# About this exercise
Leaving out the images, reproduce every line of the data that follows exactly.

# Data below
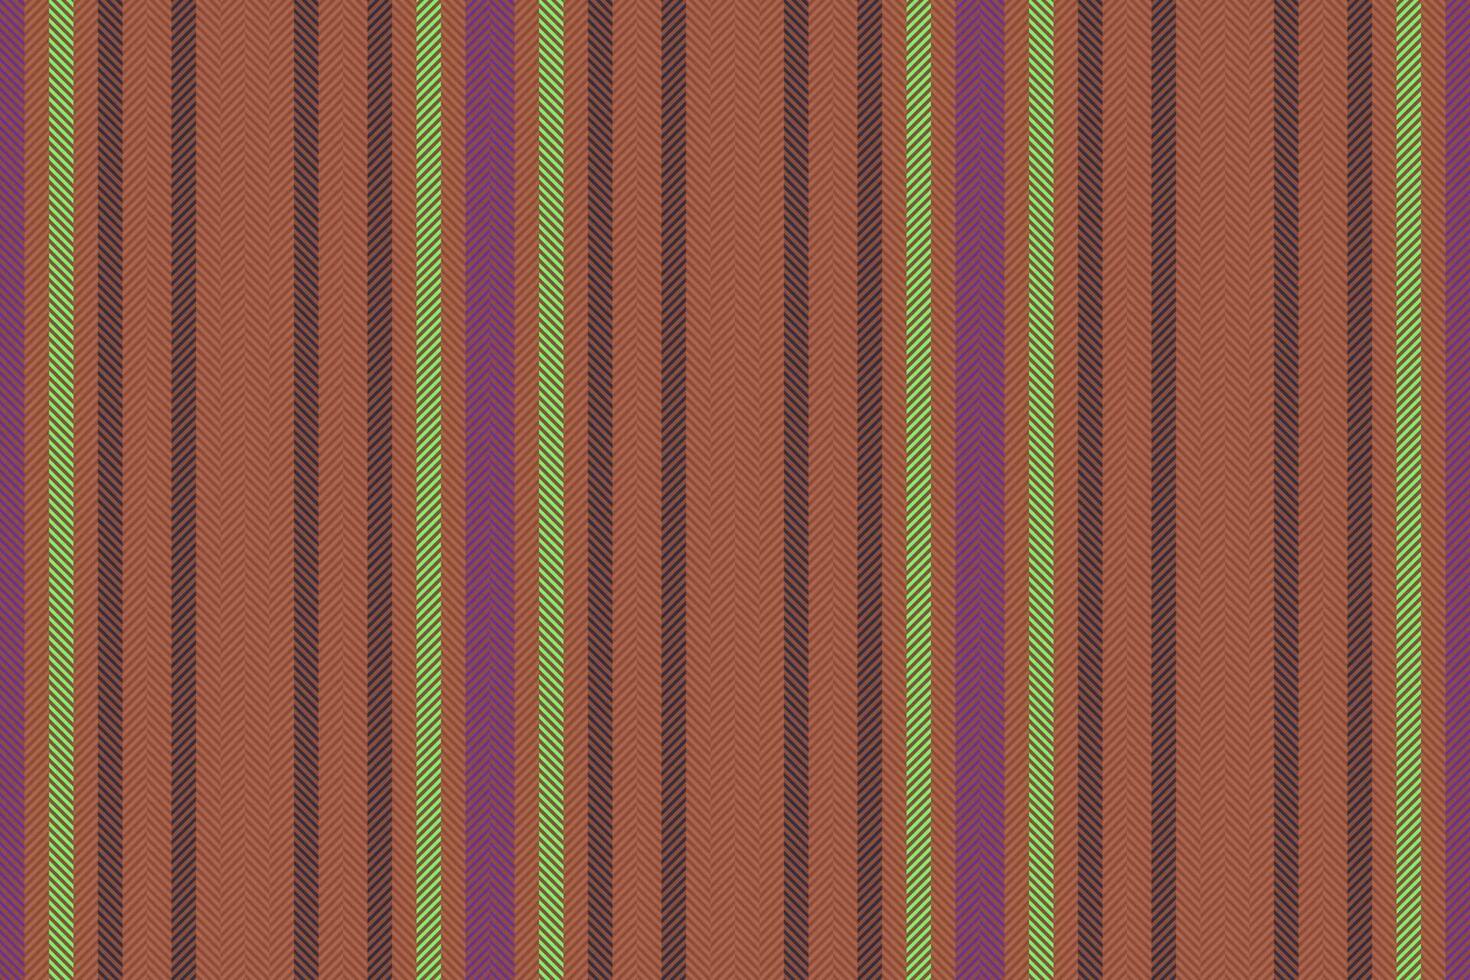 Vertical vector texture. Stripe pattern seamless. Textile lines background fabric.
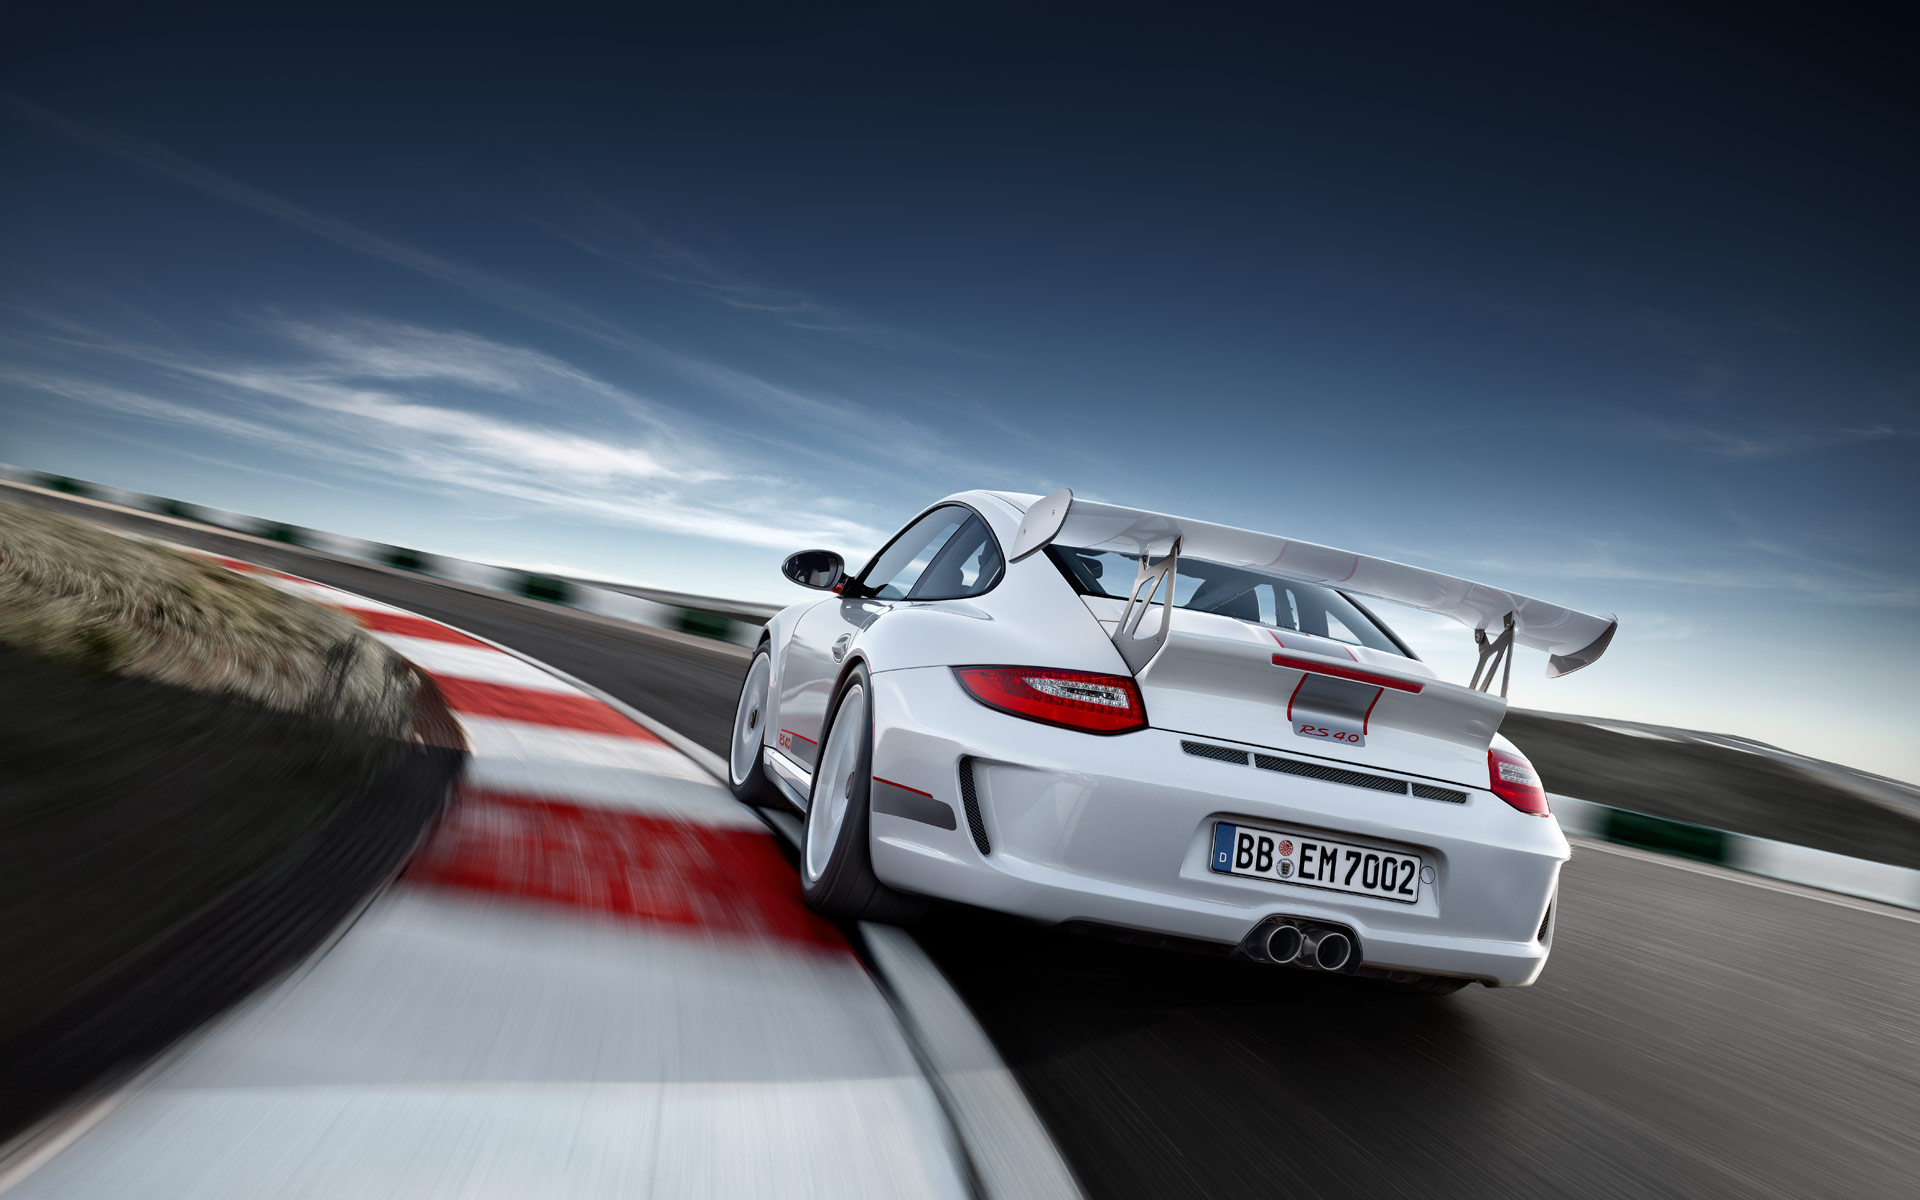 Limited 2011 Porsche 911 GT3 RS 4.0 Rear angle view
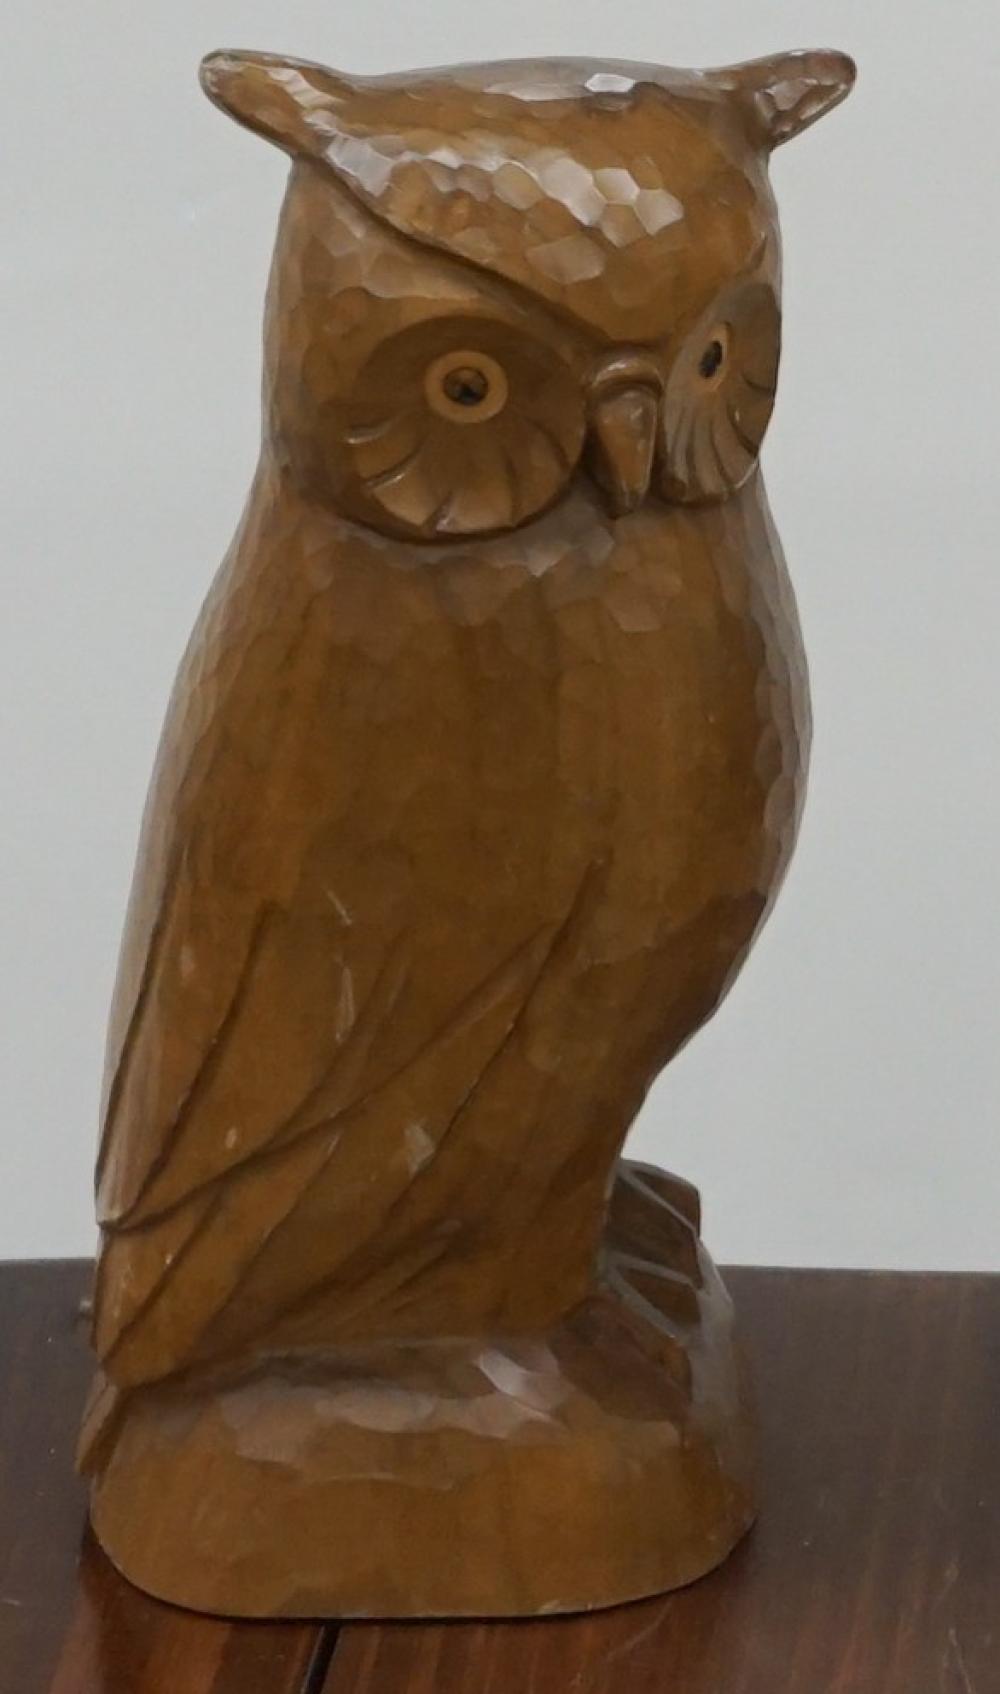 CARVED WOOD FIGURE OF AN OWL, H:

# Task answer
 Vertical vector texture. Stripe pattern seamless. Textile lines background fabric.
 Limited 2011 Porsche 911 GT3 RS 4.0 Rear angle view
 CARVED WOOD FIGURE OF AN OWL, H:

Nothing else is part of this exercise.